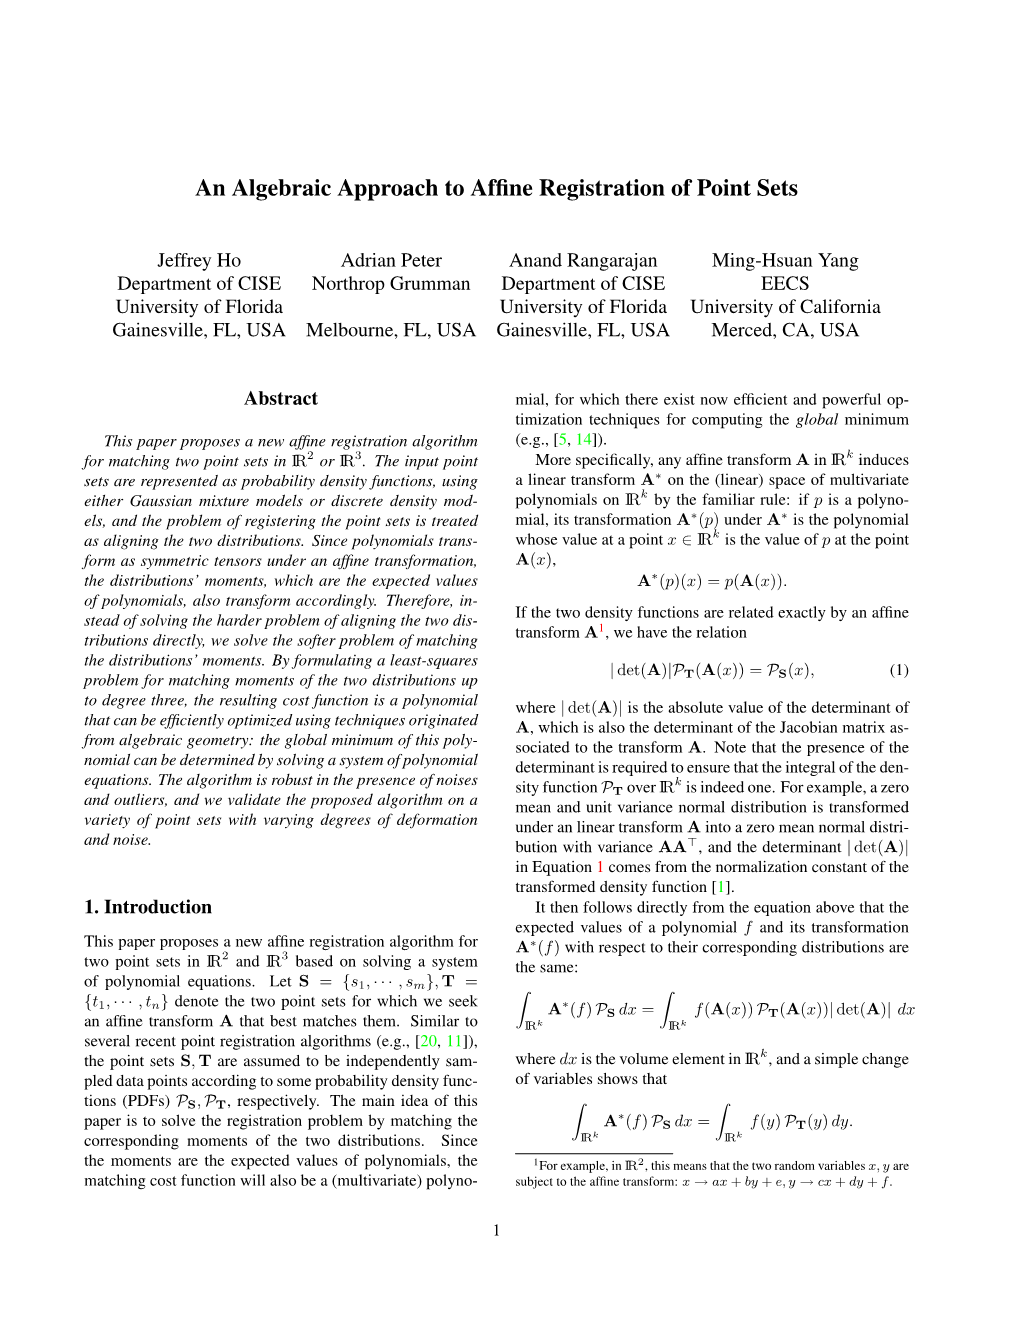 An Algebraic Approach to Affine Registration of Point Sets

==

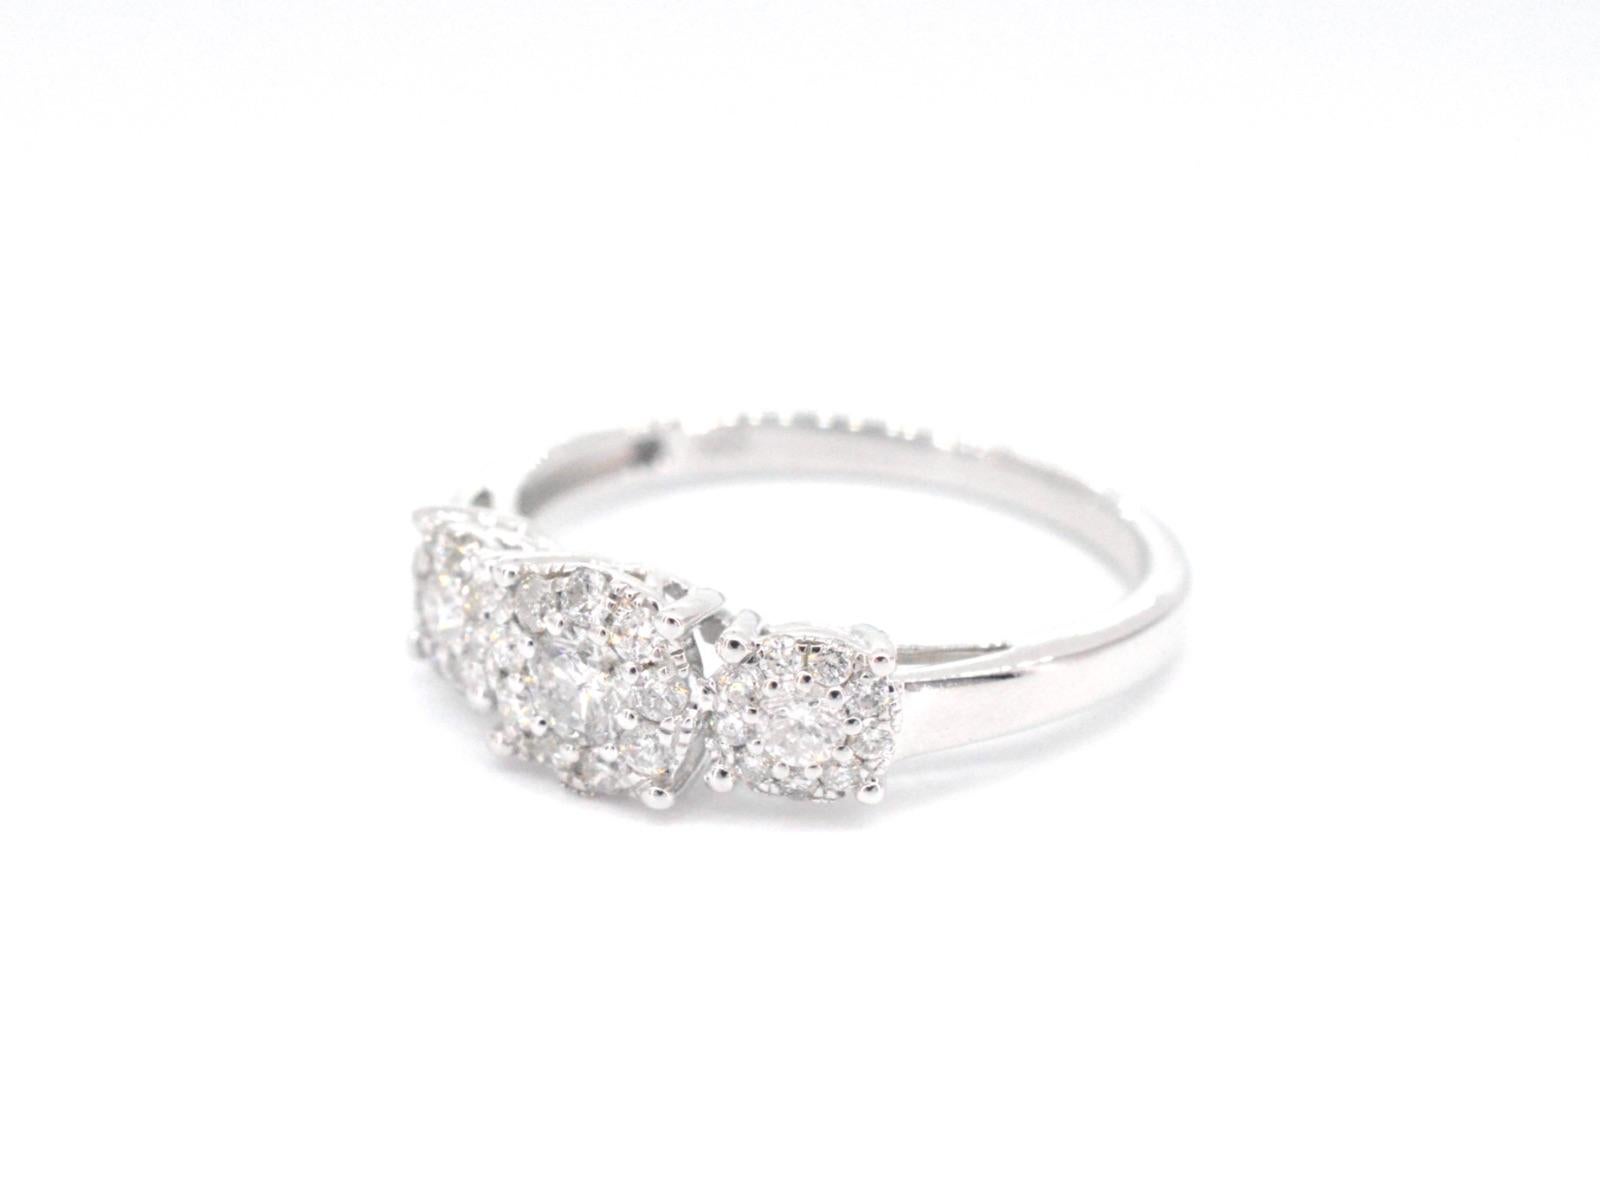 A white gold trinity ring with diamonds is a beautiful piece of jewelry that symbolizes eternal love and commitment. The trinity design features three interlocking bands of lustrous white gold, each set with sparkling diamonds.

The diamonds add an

▸ **Task to complete**:
I'd like the lines above repeated exactly, from the one that contains "A white gold" through the one that contains "The diamonds add an", with no pictures.

▸ **Result**:
 A white gold trinity ring with diamonds is a beautiful piece of jewelry that symbolizes eternal love and commitment. The trinity design features three interlocking bands of lustrous white gold, each set with sparkling diamonds.

The diamonds add an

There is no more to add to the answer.